§ **Information provided**
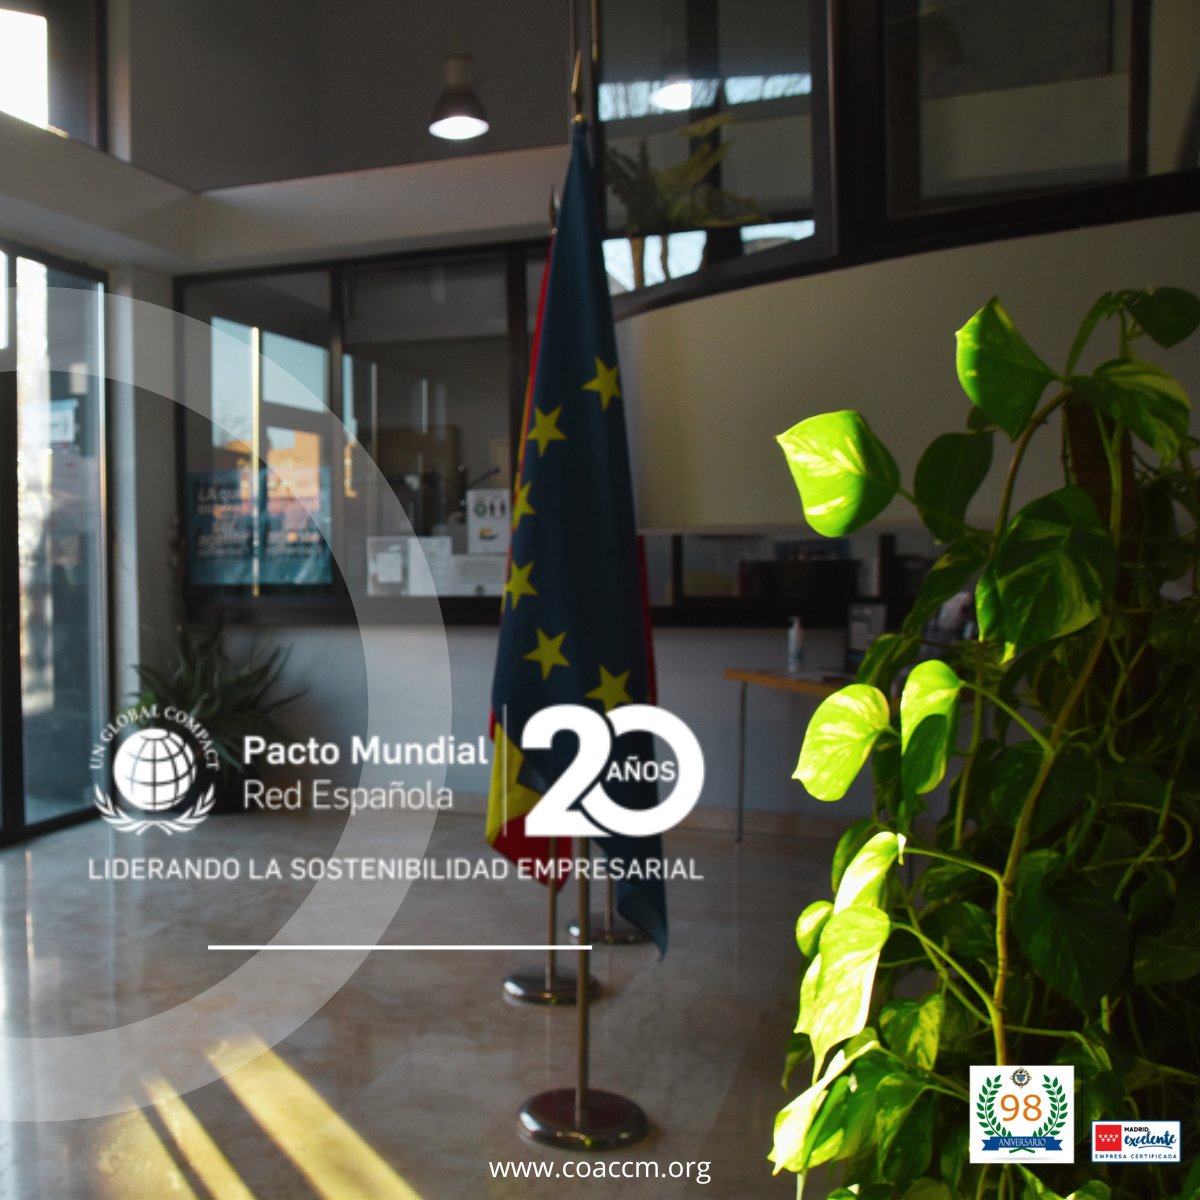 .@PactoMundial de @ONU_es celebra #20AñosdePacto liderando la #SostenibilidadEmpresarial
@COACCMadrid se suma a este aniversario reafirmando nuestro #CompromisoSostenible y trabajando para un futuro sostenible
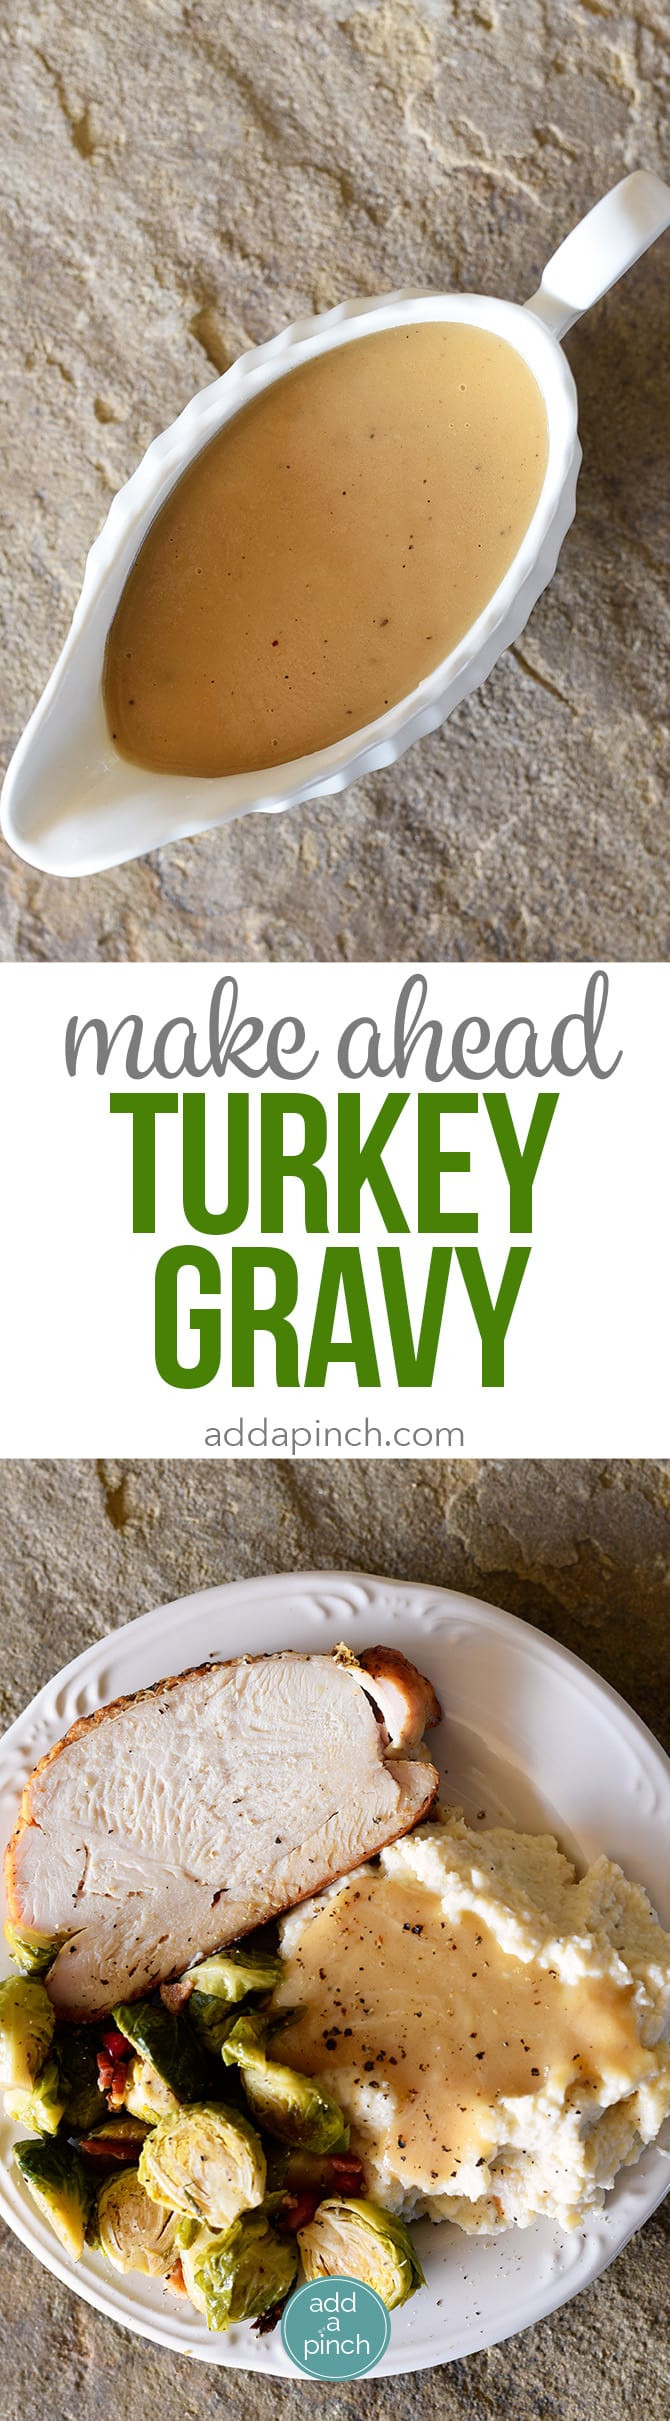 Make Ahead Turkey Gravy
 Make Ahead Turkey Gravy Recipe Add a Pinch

§ **About this exercise**
Pictures are not part of the copy; retype all the other material exactly.

§ **Exercise result**
 .@PactoMundial de @ONU_es celebra #20AñosdePacto liderando la #SostenibilidadEmpresarial
@COACCMadrid se suma a este aniversario reafirmando nuestro #CompromisoSostenible y trabajando para un futuro sostenible
 Make Ahead Turkey Gravy
 Make Ahead Turkey Gravy Recipe Add a Pinch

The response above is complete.